In 2017 alone, laws with similar language were passed in five states—Alabama, Kentucky, Tennessee, South Dakota and North Carolina—and introduced as bills in dozens more.

In October, U.S. Attorney General Jeff Sessions issued legal guidance urging broad protection for “religious freedom” that could result in LGBT people, women and other groups unprotected from bias in federal programs.

It’s all backlash to recent gains in LGBT rights, says Camilla Taylor, Lambda Legal acting legal director. “The First Amendment protects everyone’s right to worship as they please,” she says. “But this is an effort to use the language of religious liberty as a justification for discrimination in the marketplace and by government officials, health care providers, employers and child-welfare providers.

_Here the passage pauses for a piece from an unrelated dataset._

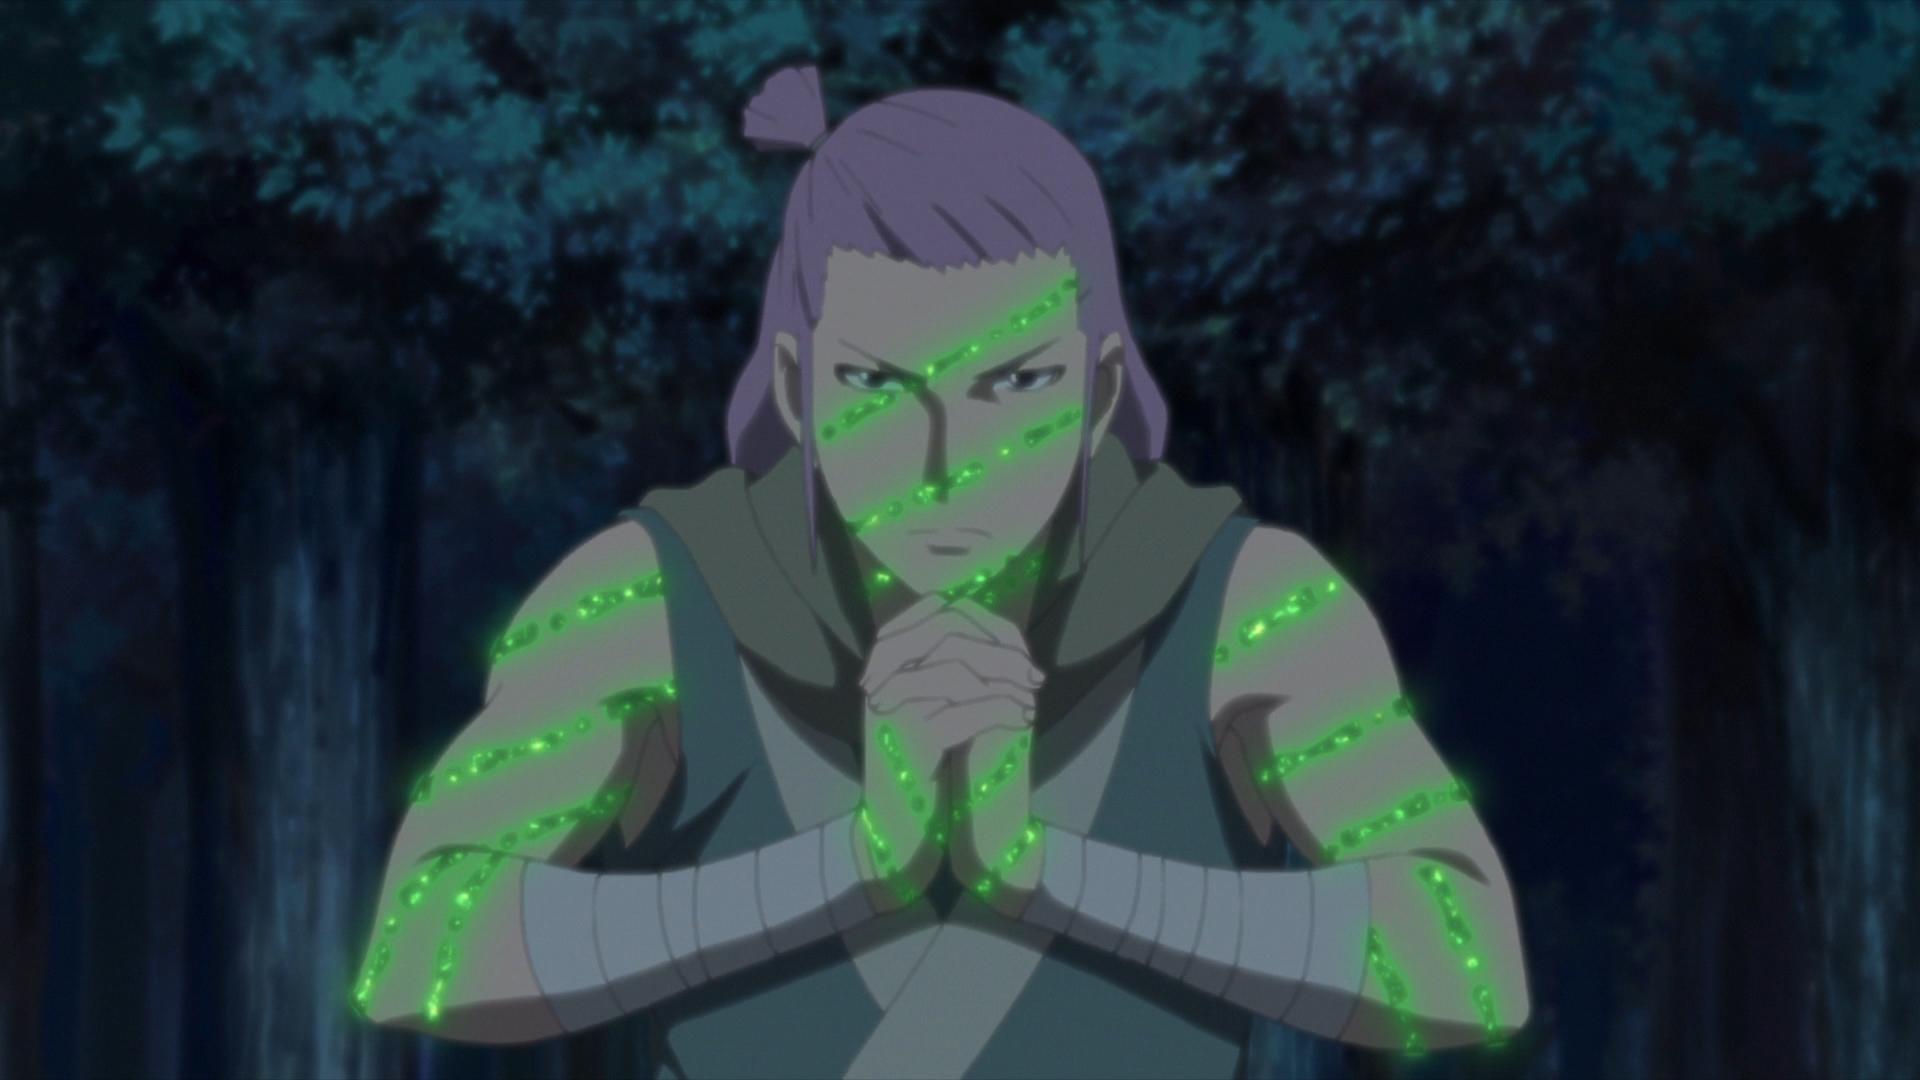 Arte Ninja da Neblina: Técnica Proibida: Extermínio do Submundo

“Courts long have upheld laws that prohibit such discrimination,” she continues. “But now organizations that have fought against equality for LGBT people for many years are attempting to reverse those precedents.”

Taylor says that there are obvious parallels between long-ago religious arguments against interracial marriage and current religious arguments against the marriages of same-sex couples. “But courts have always rejected claims that religious liberty trumps protections from discrimination,” she says.

Although the Supreme Court refused to hear Barber v. Bryant in early January, “we continue the fight in Mississippi, and are actively searching for additional plaintiffs to challenge the law,” Taylor says.

Meanwhile, she urged readers to speak up against proposed “religious freedom” laws in their states—and to urge their representatives to do so as well. (Follow these bills at lambdalegal.org/blog/topic/religious-exemptions.)

Taylor says she’s not surprised by the wave of anti-LGBT bills after Obergefell. “We won a thrilling victory and we expected this blowback,” she says. “It’s like a movie where just when you think the zombie is dead, it rises up again—and you realize the fight’s not over.”

Barber, who’s active with the social justice group Mississippi Human Services Agenda, says, “It’s frustrating to still be fighting this fight.” Along with many, he is waiting to see if the Supreme Court will take up the case. He’s hopeful that it will— and that it will rule against the law.

“I really wish I could just sit back and watch,” he says. “But I can’t. Justice requires that once you make the commitment, you do it until you die.”